*DATA BELOW:*
---*---

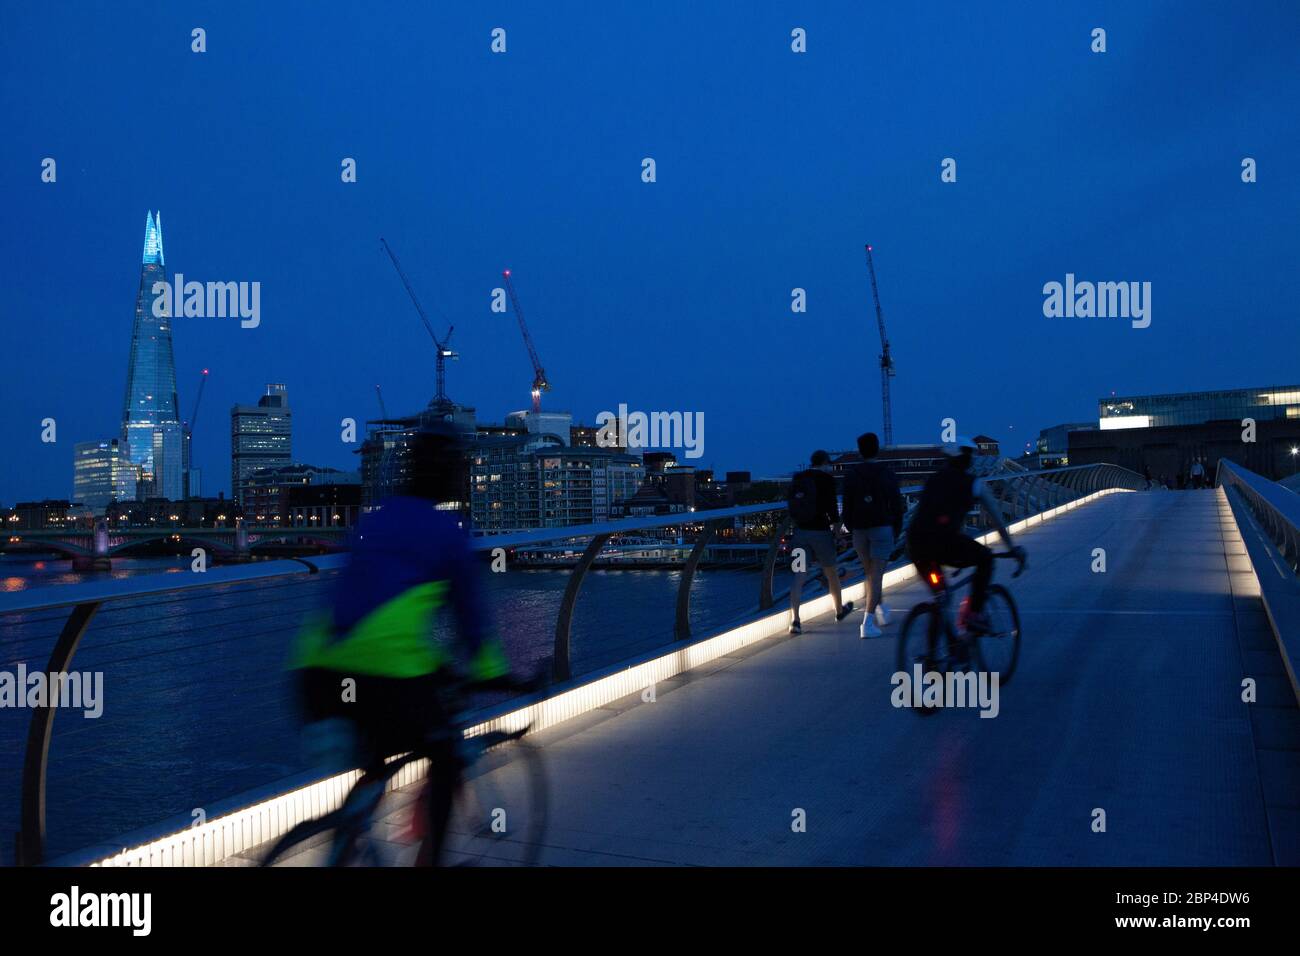 London, UK, 17 May 2020: People walk and cycle across the Milemmium Bridge as the top of the Shard is illuminated blue and Tate Modern carries signage saying 'Thank you key workers' to honour NHS staff and other care workers and frontline key workers. Anna Watson/Alamy Live News Stock Photo
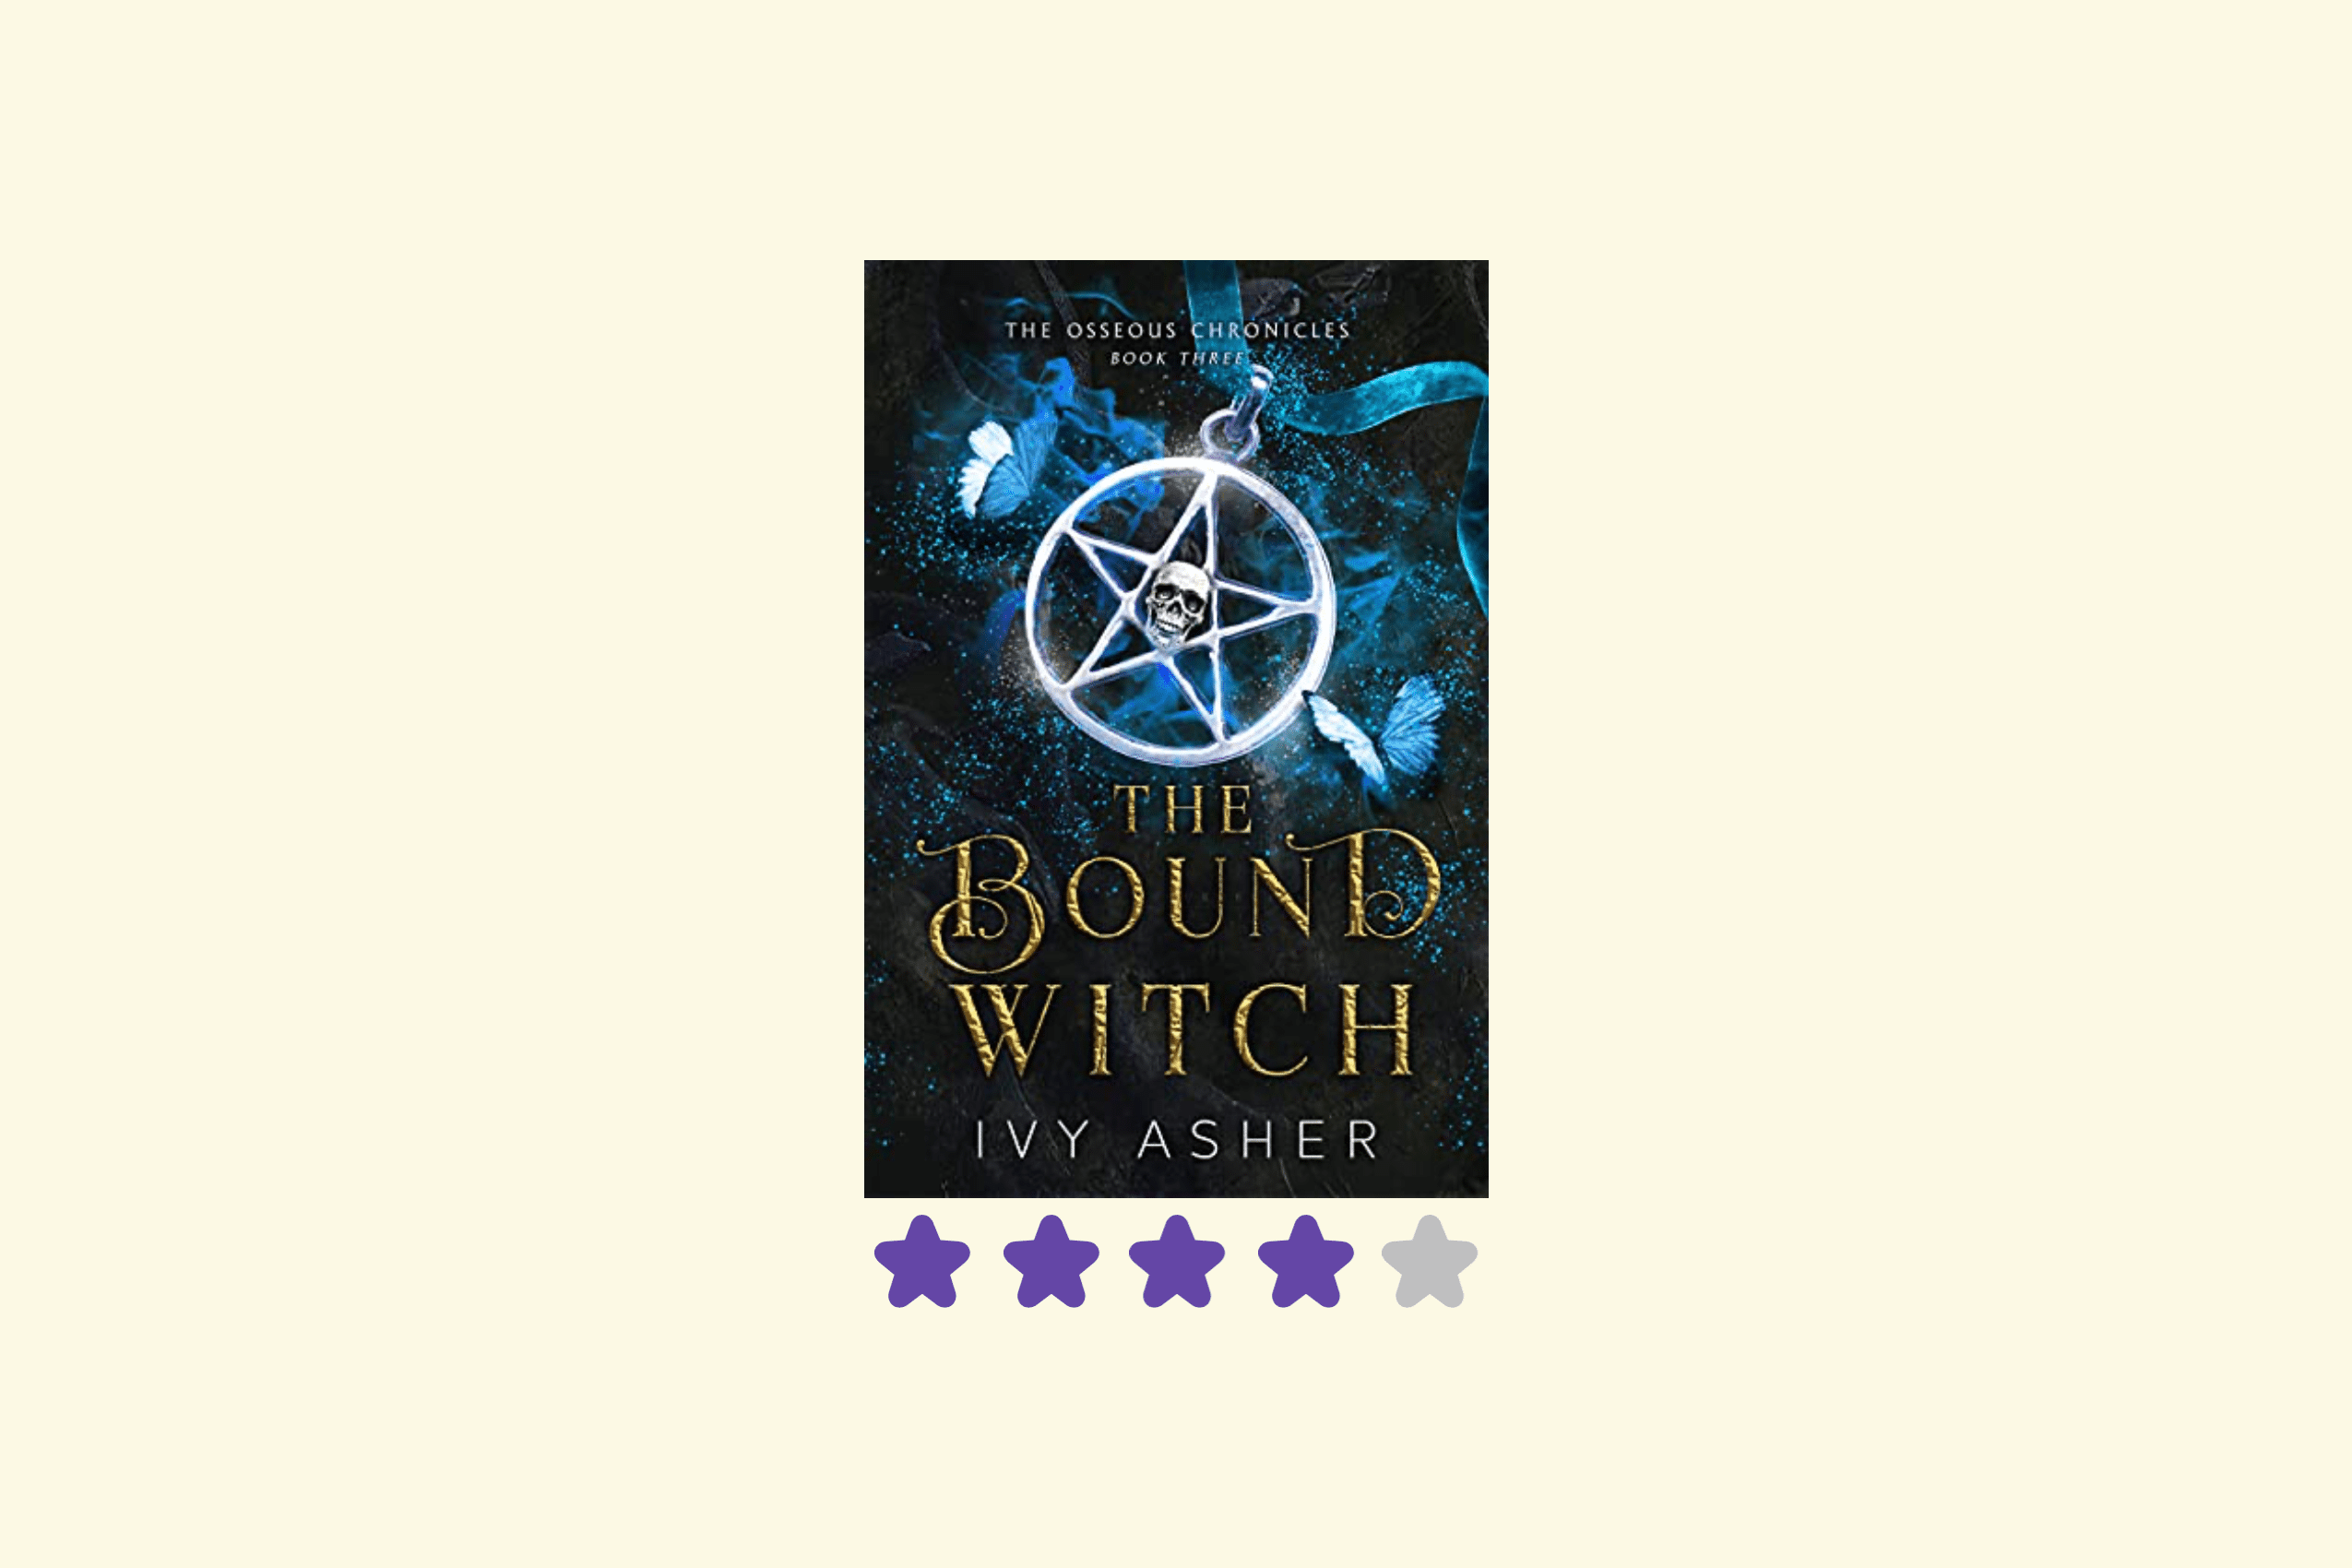 The Bound Witch (The Osseous Chronicles, #3) by Ivy Asher
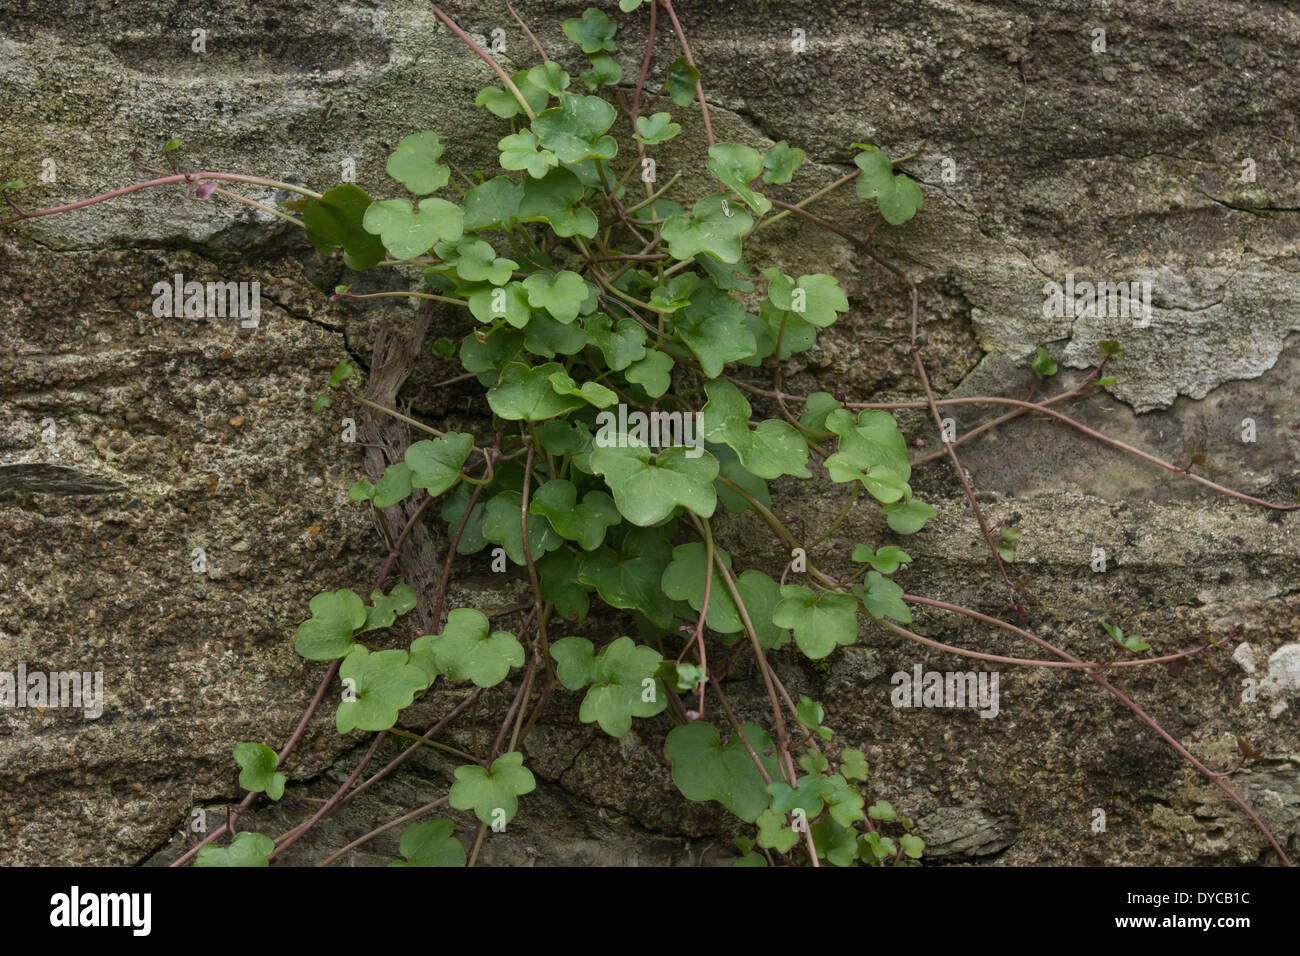 Ivy-leaved Toadflax / Cymbalaria muralis growing in a stone wall. Stock Photo
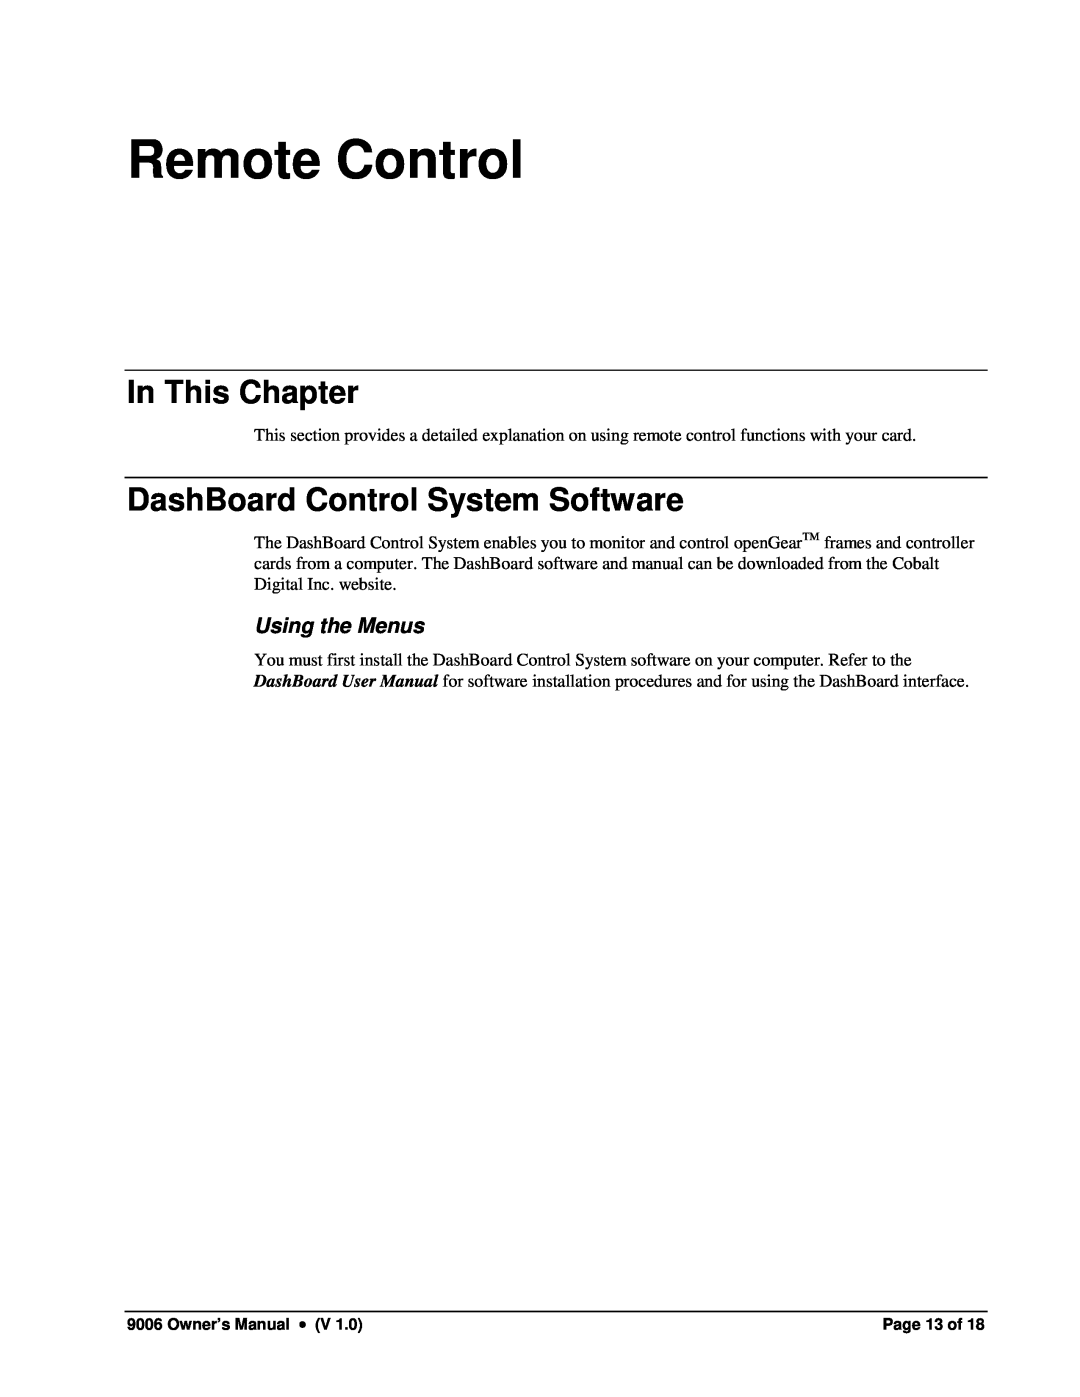 Cobalt Networks 9006 owner manual Remote Control, DashBoard Control System Software, Using the Menus, In This Chapter

---*---

*TASK STATEMENT:* In your copy of the listing above, reproduce each line exactly and omit all pictures.

*PROBLEM SOLUTION:*
 London, UK, 17 May 2020: People walk and cycle across the Milemmium Bridge as the top of the Shard is illuminated blue and Tate Modern carries signage saying 'Thank you key workers' to honour NHS staff and other care workers and frontline key workers. Anna Watson/Alamy Live News Stock Photo
 The Bound Witch (The Osseous Chronicles, #3) by Ivy Asher
 Ivy-leaved Toadflax / Cymbalaria muralis growing in a stone wall. Stock Photo
 Cobalt Networks 9006 owner manual Remote Control, DashBoard Control System Software, Using the Menus, In This Chapter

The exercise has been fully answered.